As the man in the bus intervened and paid the price for us to reach our goal, so has Jesus intervened and paid the price for our ride through this life and for eternal life in the next. This is not heaven yet. There will be troubles in this life because of the accumulation of sin and decay over many generations. The evil one is still active in this world, but Jesus has overcome! We can let crisis overwhelm us, or we can call on our Savior to help us turn it into opportunity and an adventure. Some adventures are fun, some are dangerous, some present fear, but they keep us moving forward and tackling challenges. Adventures do not involve sitting still and being overwhelmed by the crisis.
We could have become paralyzed and overwhelmed in the Macau airport. We could have refused to move forward and wait for the next flight that would just take us closer to home and forget our night of exploration in Hong Kong. We would have missed the “angel” on the bus and great adventure we had for the next 24 hours in Hong Kong.
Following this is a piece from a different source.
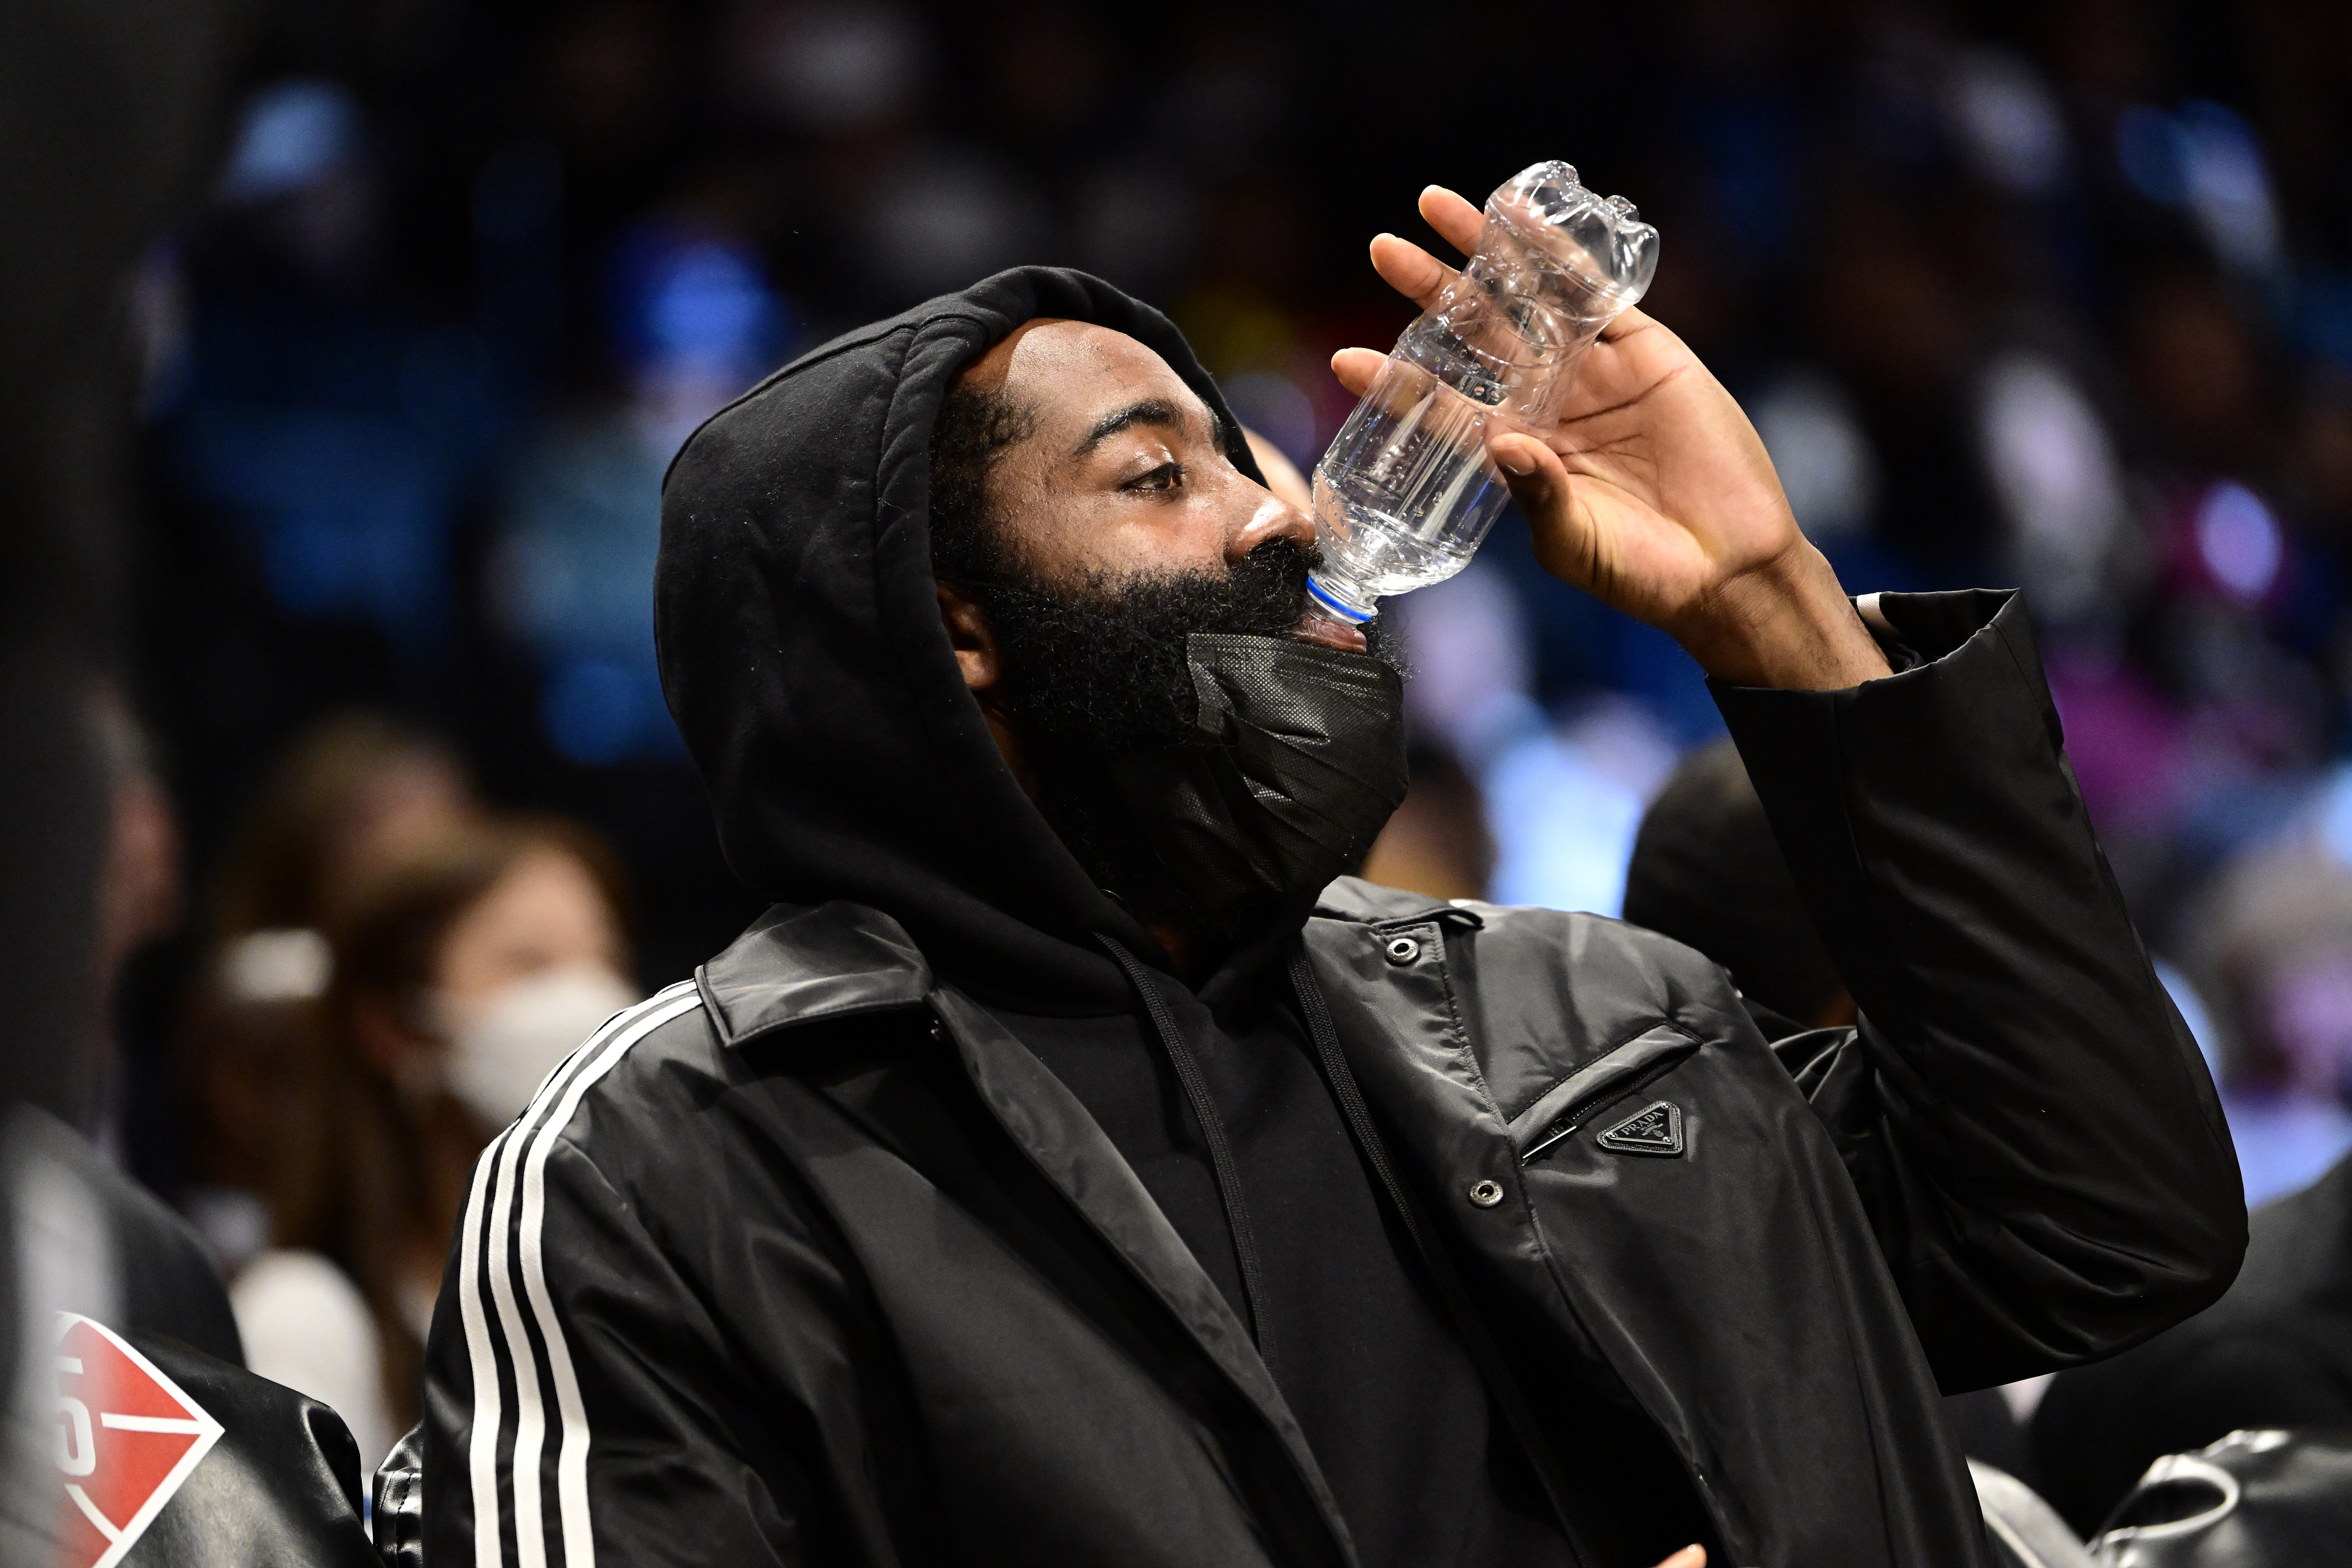 B/R predicts James Harden to re-sign with Sixers in the offseason

I don’t want to be paralyzed by this disease. I want to trust God to use this crisis to help others and build my own faith. My time with God has new intensity. My time with family is even more precious. My time with friends is more enjoyable. I am appreciating the moments of life. I am not focusing on the little worries of the day. There is a bigger picture, a bigger priority. I am even more grateful for a God who holds me in his arms and in his favor. I don’t know what all is ahead, but I can trust Him. I am still asking for a miracle of healing. I am grateful for all of you are extending your love and support! I am grateful for your many prayers for me, and my family, and for a miracle!